Why not purchase a cheap combination waterstone to practice your skills on?


----------



## Mrmnms (Oct 4, 2015)

Original angles on the knives were between 18 and 20 degrees . The steel was pretty much the same as some German knives, a little on the soft side. Theory is suggesting that if you simply maintain the angle with also removing ( thinning) metal behind the edge, the performance will deteriorate over time.


----------



## mrsnak (Oct 4, 2015)

Thanks so much for the insight to the science behind the sharpening.

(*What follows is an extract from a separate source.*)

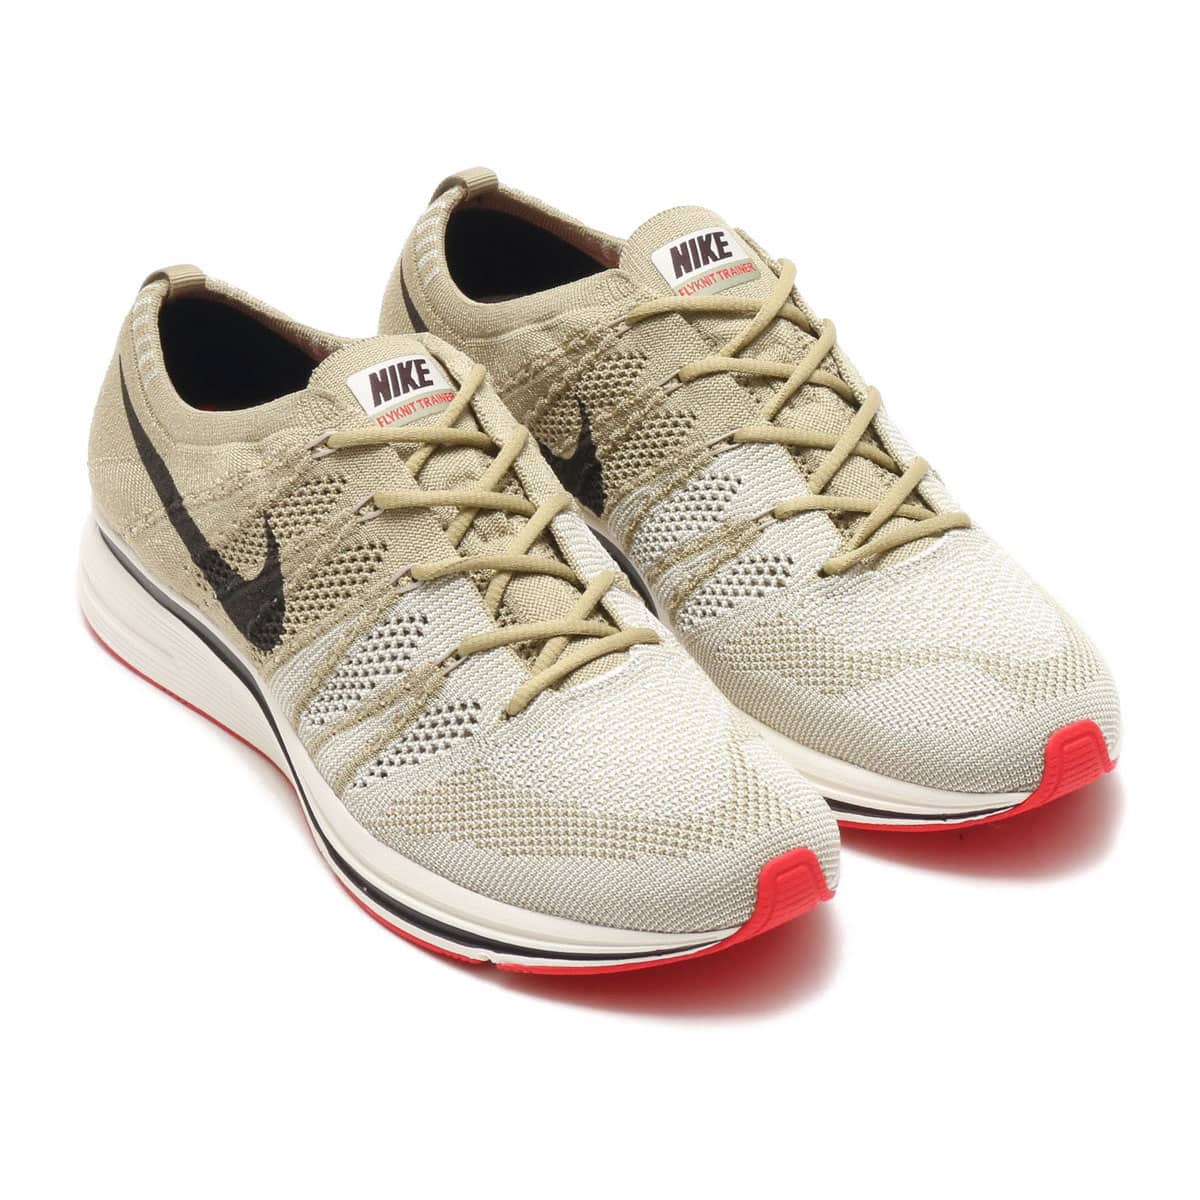 NIKE FLYKNIT TRAINER NEUTRAL OLIVE 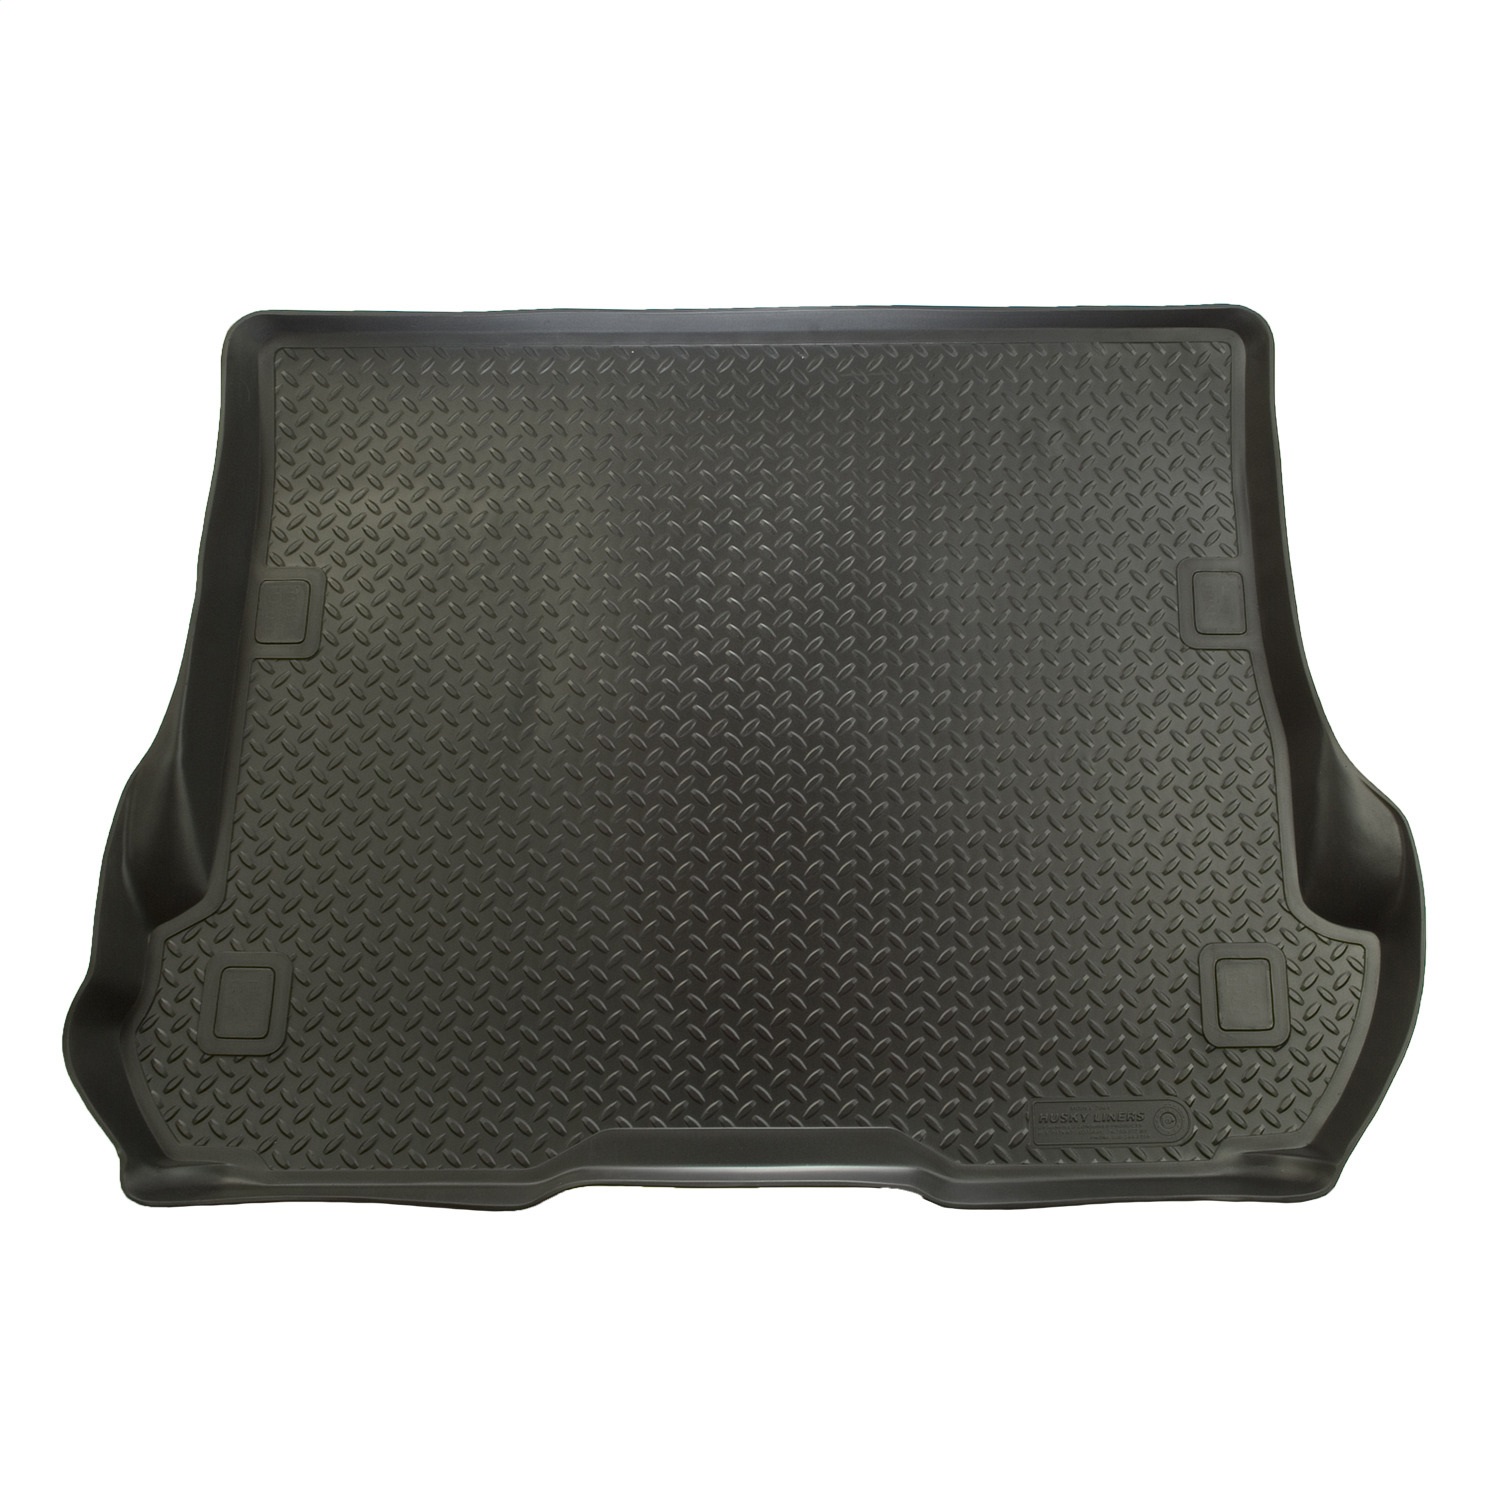 Husky Liners Husky Liners 26281 Classic Style; Cargo Liner Fits 05-14 Xterra

The black marker test makes complete sense. 

Perhaps shameful to admit to this group, the knives, besides having been sharpened professionally locally on an electric grinding wheel, they were also periodically sharpened with of of those kitchen manual sharpeners to try and keep a honed edge.

That being said, probably accurate to say that whatever the angle originally was, it's not anymore?


----------



## Pensacola Tiger (Oct 4, 2015)

Yes, it's probably safe to say that whatever angle was on the blade originally, it is not there now. Of more importance is that the fingerguards on the chef's knife and possibly the paring knife are probably preventing sharpening the edge properly, so it does not contact the cutting board:





If this is the case with your knives, the easiest fix is to grind away the protrusion on the side of a waterstone so that the edge again makes proper contact:




Rick


----------



## Mrmnms (Oct 4, 2015)

Probably not. No matter. I would follow Theory's suggestion. Starting sharpening without hitting the edge, to thin the blade. When you get to the edge, by all means, put a small 18 to 20 degree bevel on it for a more durable edge.


----------



## mrsnak (Oct 4, 2015)

You guys are awesome. Will spend some time later to evaluate my knives' conditions...


----------